WORK ORDER>
The output should be the listing below, limited to the lines from the one with "Antique Hutch With" through the one with "Mens Walking Sandals", exact and without pictures.

DATA PROVIDED>

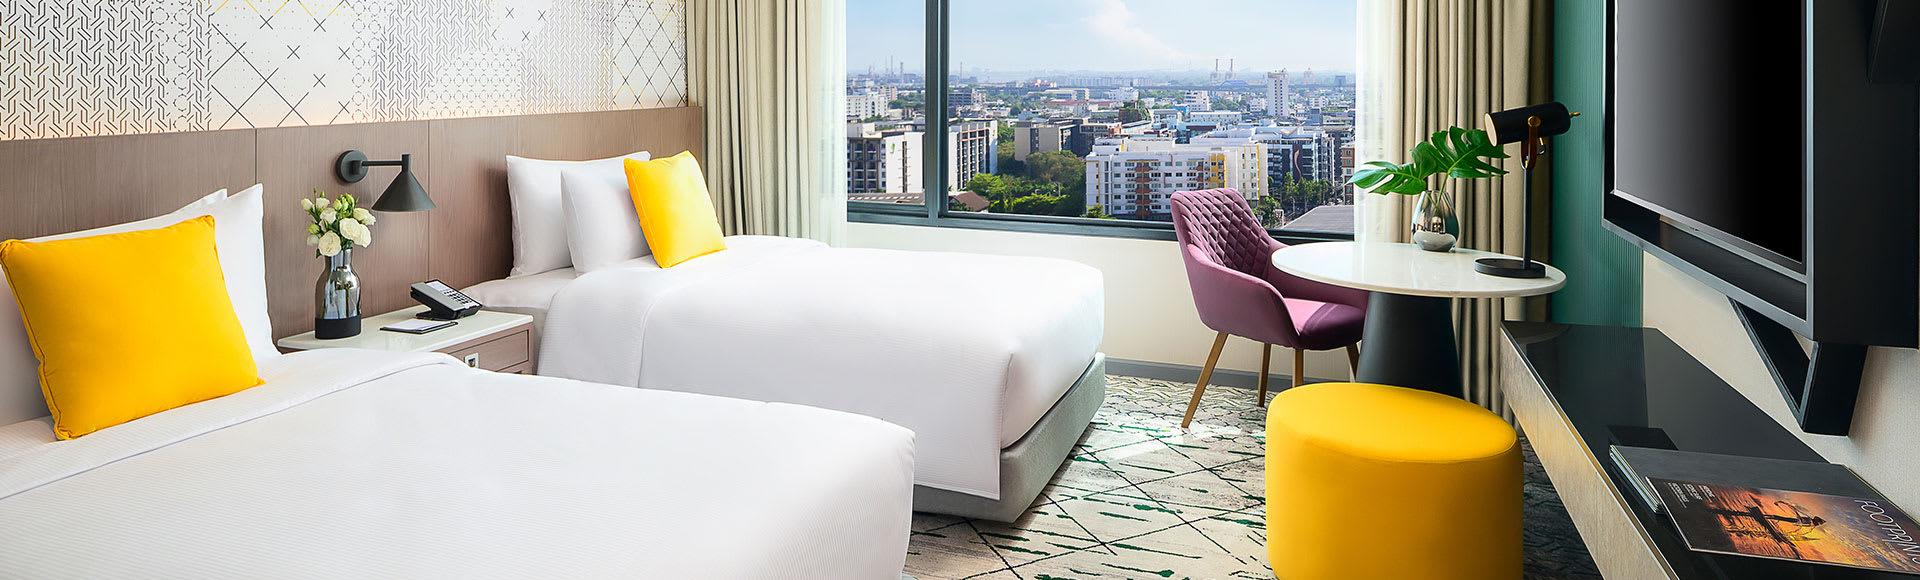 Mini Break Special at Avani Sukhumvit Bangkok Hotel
---
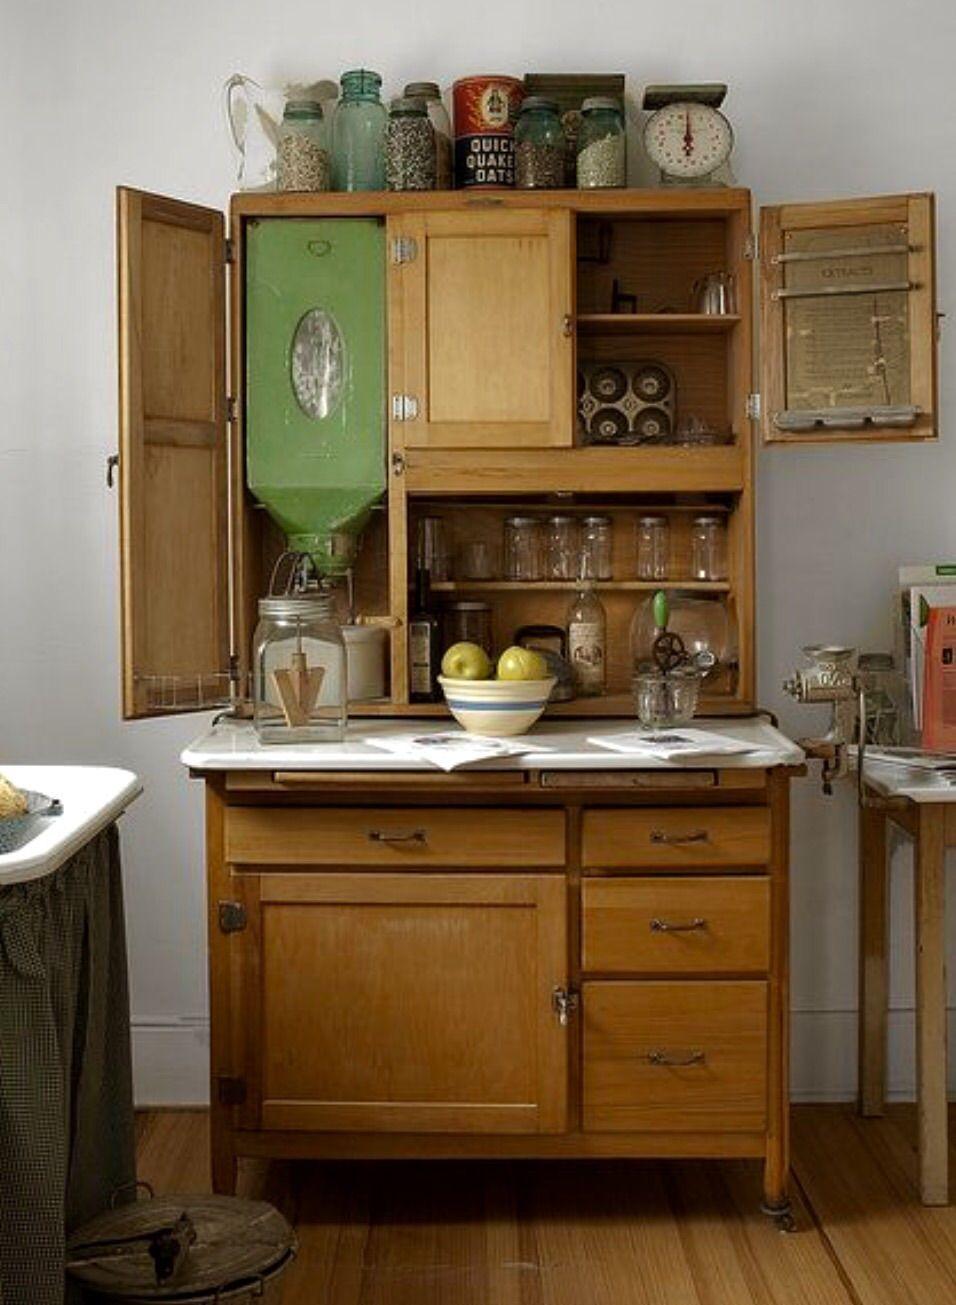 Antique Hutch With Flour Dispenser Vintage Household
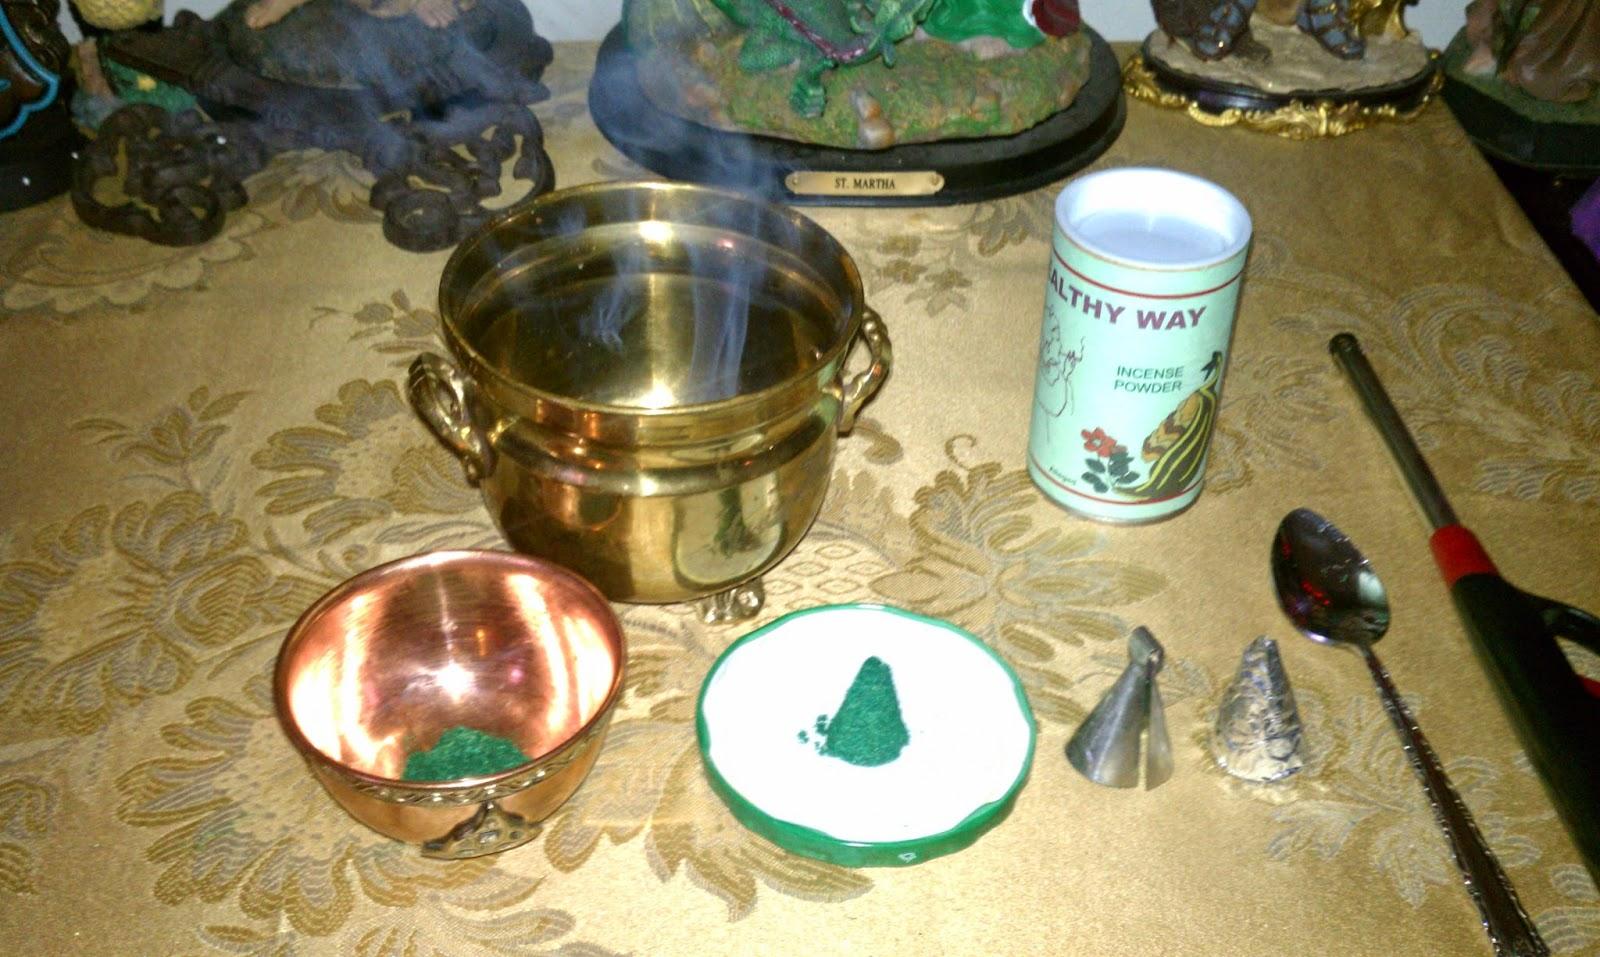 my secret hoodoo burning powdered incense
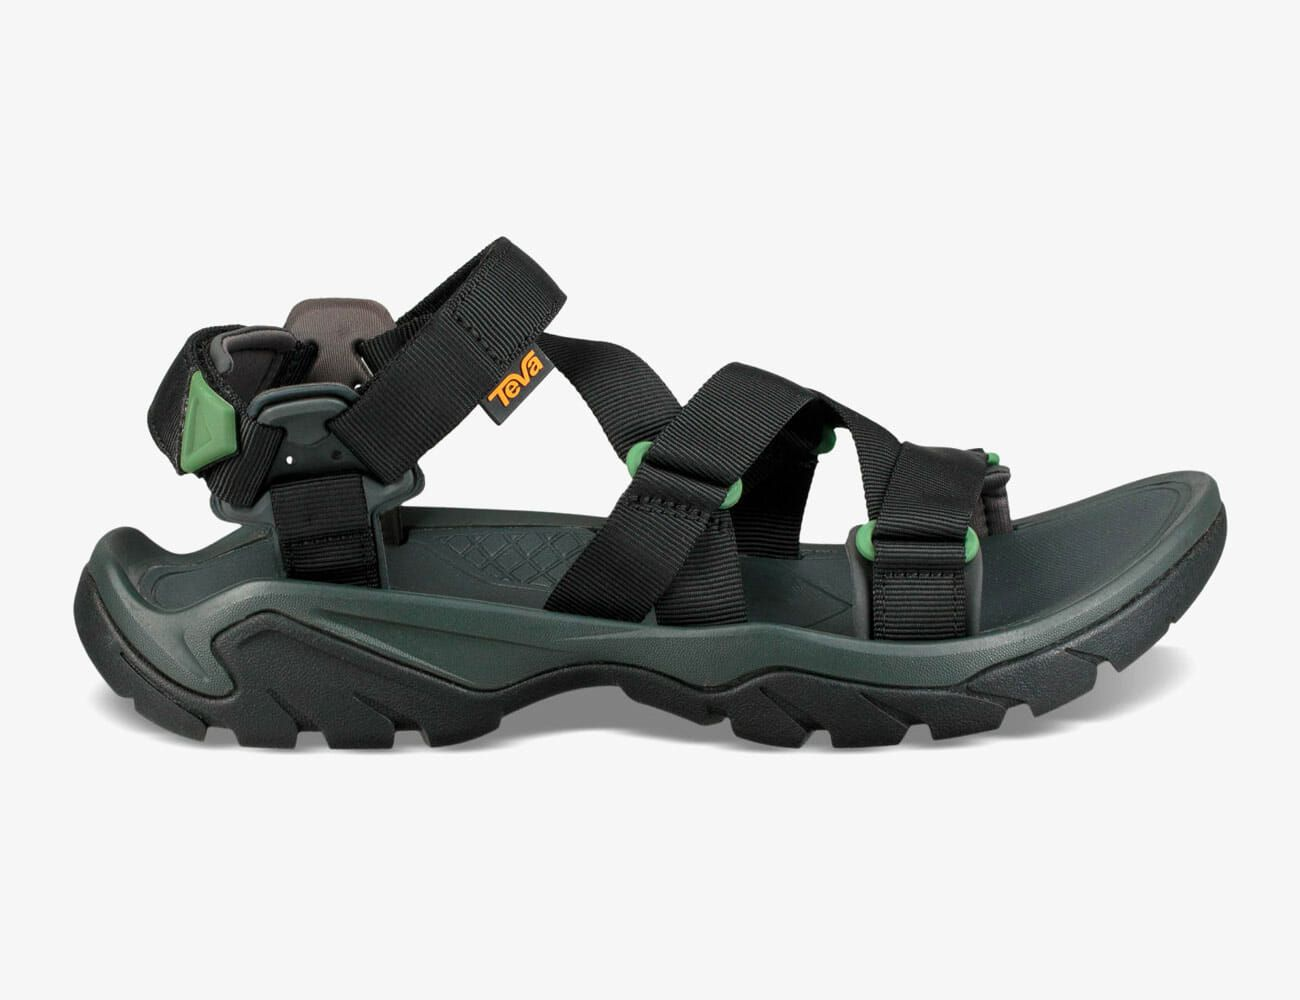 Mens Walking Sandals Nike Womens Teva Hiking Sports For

PROBLEM SOLUTION>
 Antique Hutch With Flour Dispenser Vintage Household
 my secret hoodoo burning powdered incense
 Mens Walking Sandals Nike Womens Teva Hiking Sports For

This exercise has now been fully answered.